Ketika buku Theory of Literature karya Rene Wellek dan Austin Warren terbit pertama kali dalam edisi terjemahan bahasa Indonesia pada awal 1989, saya masih duduk di bangku SMA. Seingat saya, istilah “intrinsik” dan “ekstrinsik” yang menjadi kategori inti dalam buku itu sudah lumayan populer sebagai bahasa teknis dalam konteks pembelajaran bahasa dan sastra Indonesia di sekolah sejak diluncurkannya kebijakan Kurikulum 1984. Artinya, sangat boleh jadi buku edisi bahasa Inggrisnya memang sudah dirujuk di kalangan akademisi sastra di kampus secara terbatas dan diteruskan secara langsung maupun tidak langsung kepada para guru dan mahasiswa calon guru bahasa dan sastra Indonesia. Saya rasa, justru karena itulah penerjemahan buku tersebut makin penting pada masa itu, terutama untuk mengatasi kesenjangan pengetahuan dalam ilmu sastra, khususnya untuk kebutuhan pembelajaran sastra di sekolah.

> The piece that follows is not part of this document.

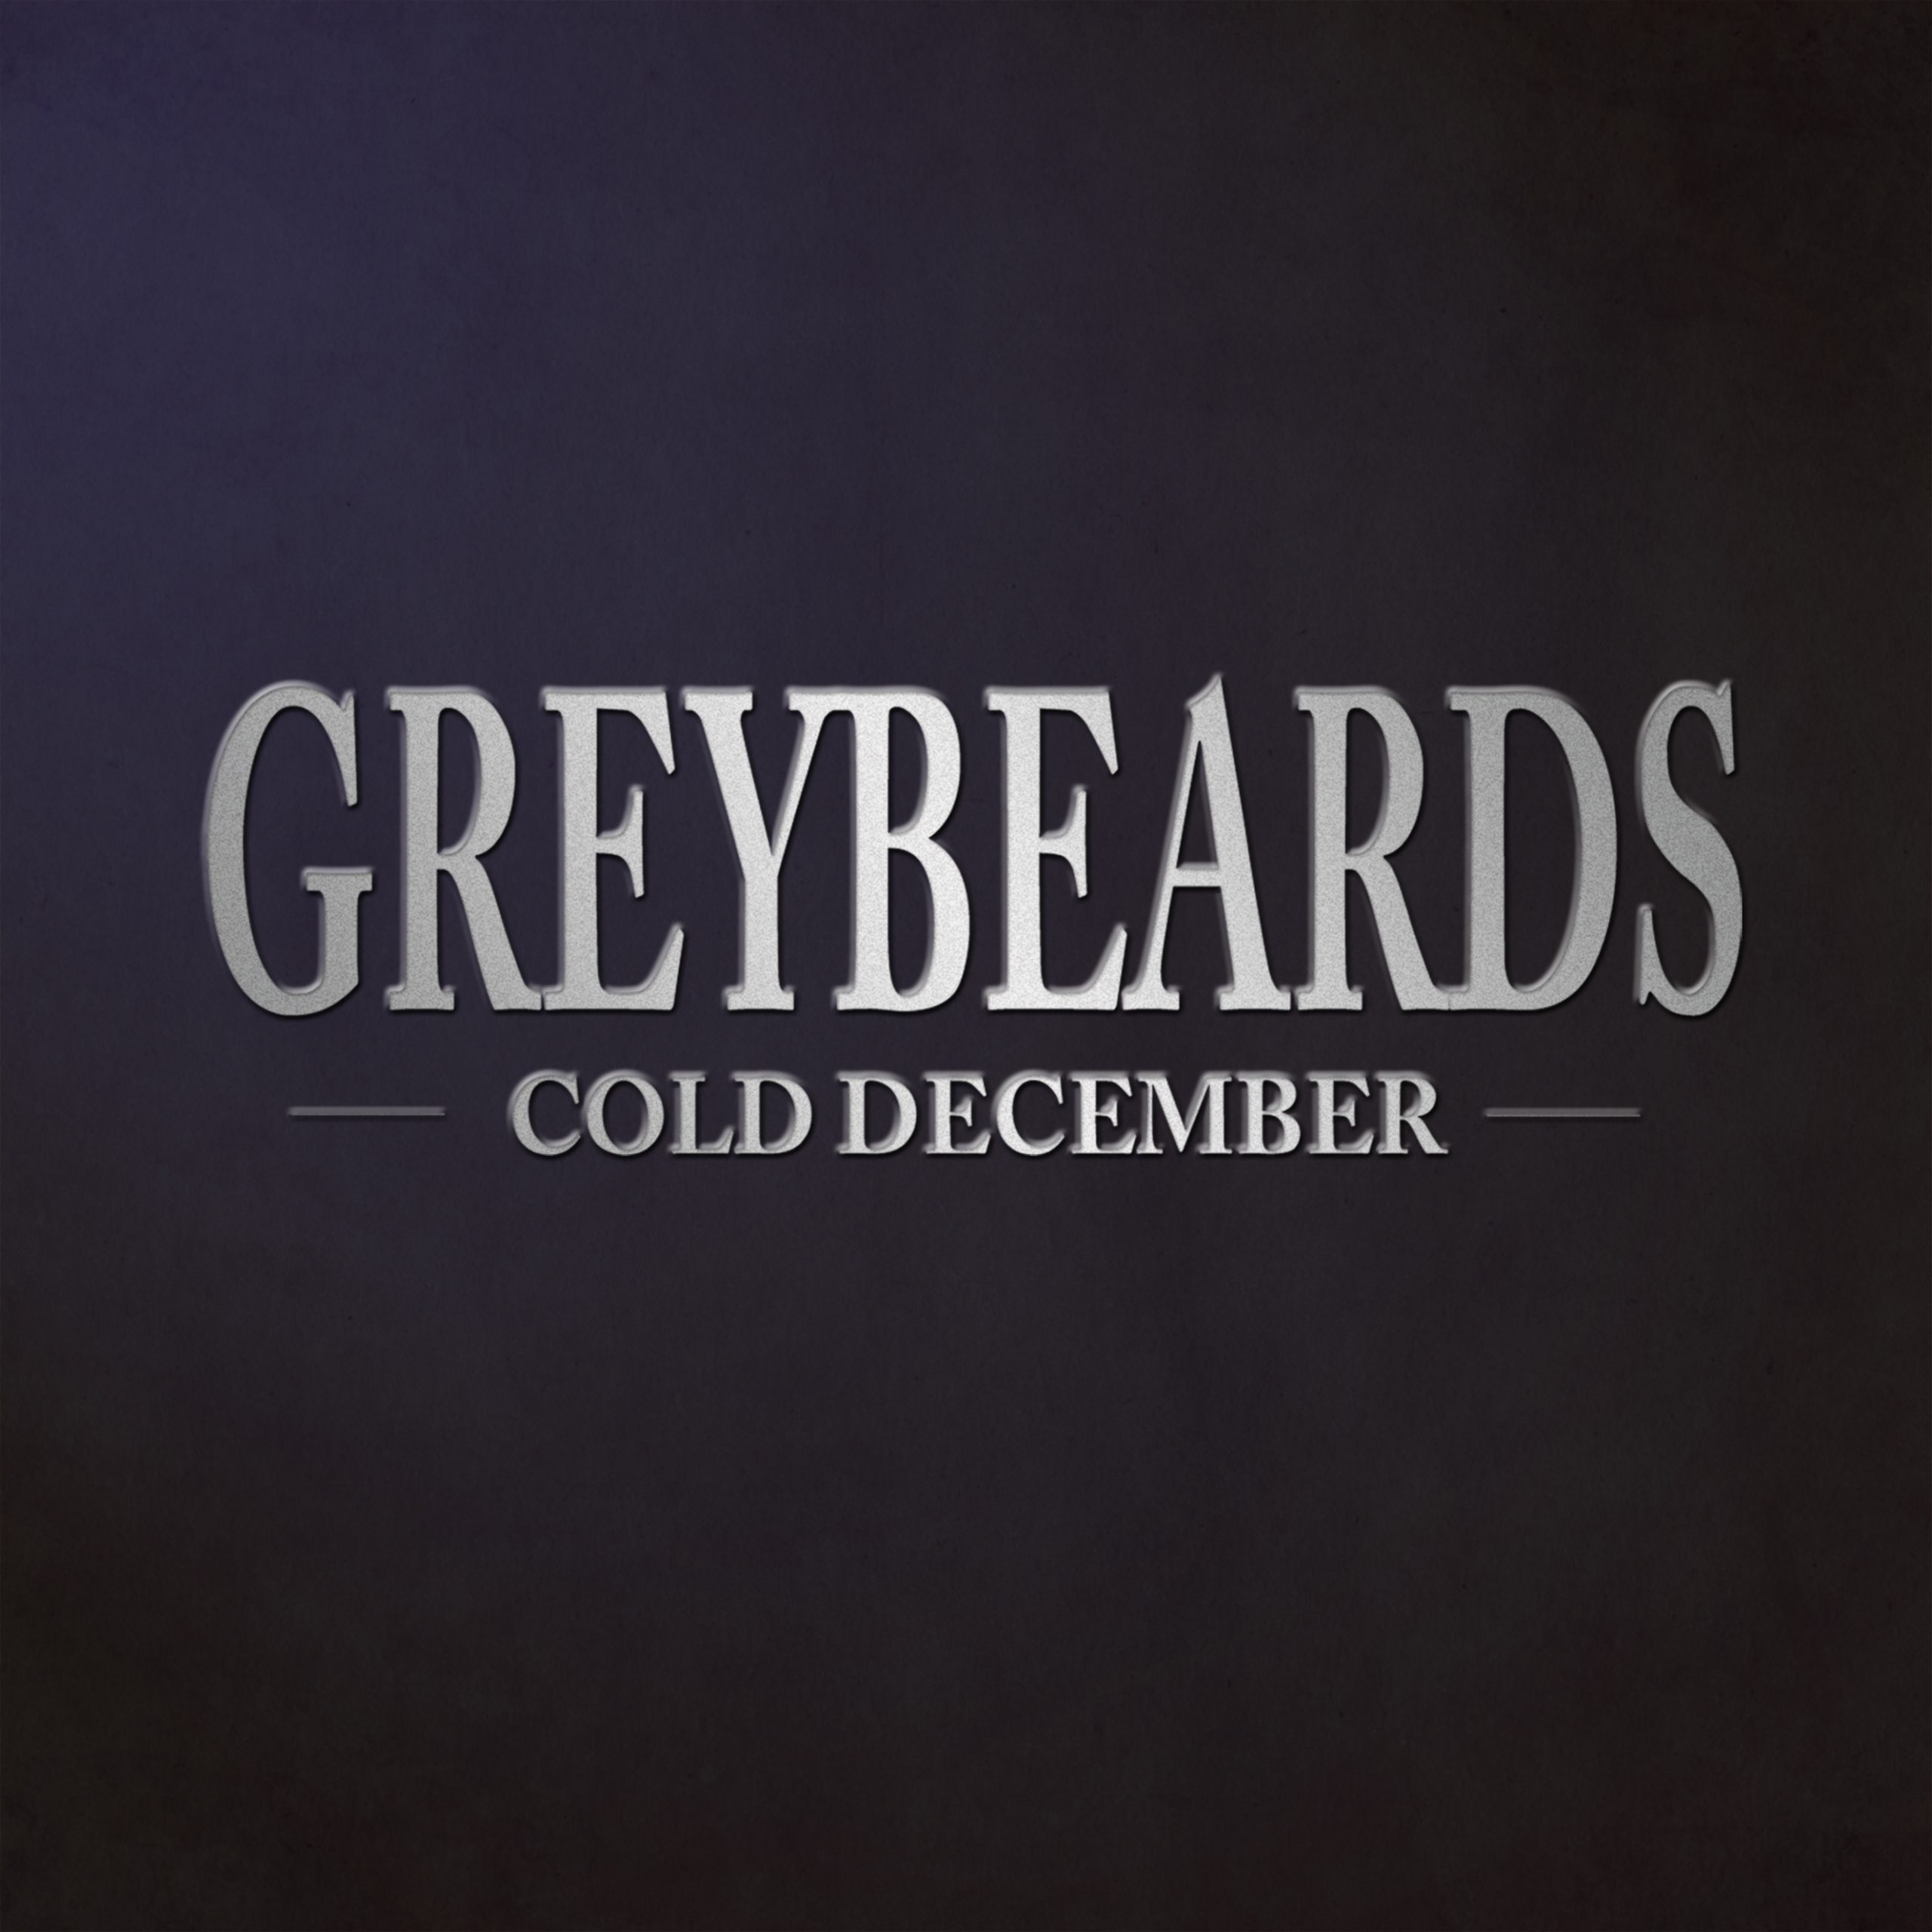 Greybeards. Cold december

Meski penerjemahnya, Melani Budianta, menyadari bahwa penerbitan edisi terjemahan buku itu sudah cukup terlambat, sebab edisi pertama Inggrisnya terbit pada 1949, dia menekankan bahwa buku Wellek dan Warren itu tetap dapat memberikan kesegaran karena “mempertanyakan kembali asumsi-asumsi dasar” dalam ilmu sastra. Namun, di titik kesegaran itu pula terletak jebakan akademisnya karena ternyata buku itu, apa boleh buat, juga diperlakukan sebagai semacam buku panduan untuk mahasiswa S1 di jurusan sastra atau di jurusan pendidikan bahasa dan sastra Indonesia. Padahal, Welek dan Warren sendiri sebenarnya memaksudkan buku tersebut secara khusus untuk bahan pemikiran bagi para akademisi sastra di tingkat pascasarjana untuk menjelajahi kemungkinan-kemungkinan baru dalam pengembangan ilmu sastra yang pada akhir era 1940-an masih belum mantap di kampus-kampus Amerika Serikat sendiri, tempat kedua penulis itu mengajar. Konteks khusus ini, demi aktualitas, memang sudah dihapus oleh kedua penulisnya di edisi ketiganya (1962). Edisi inilah yang kemudian menjadi bahan terjemahan Melani Budianta.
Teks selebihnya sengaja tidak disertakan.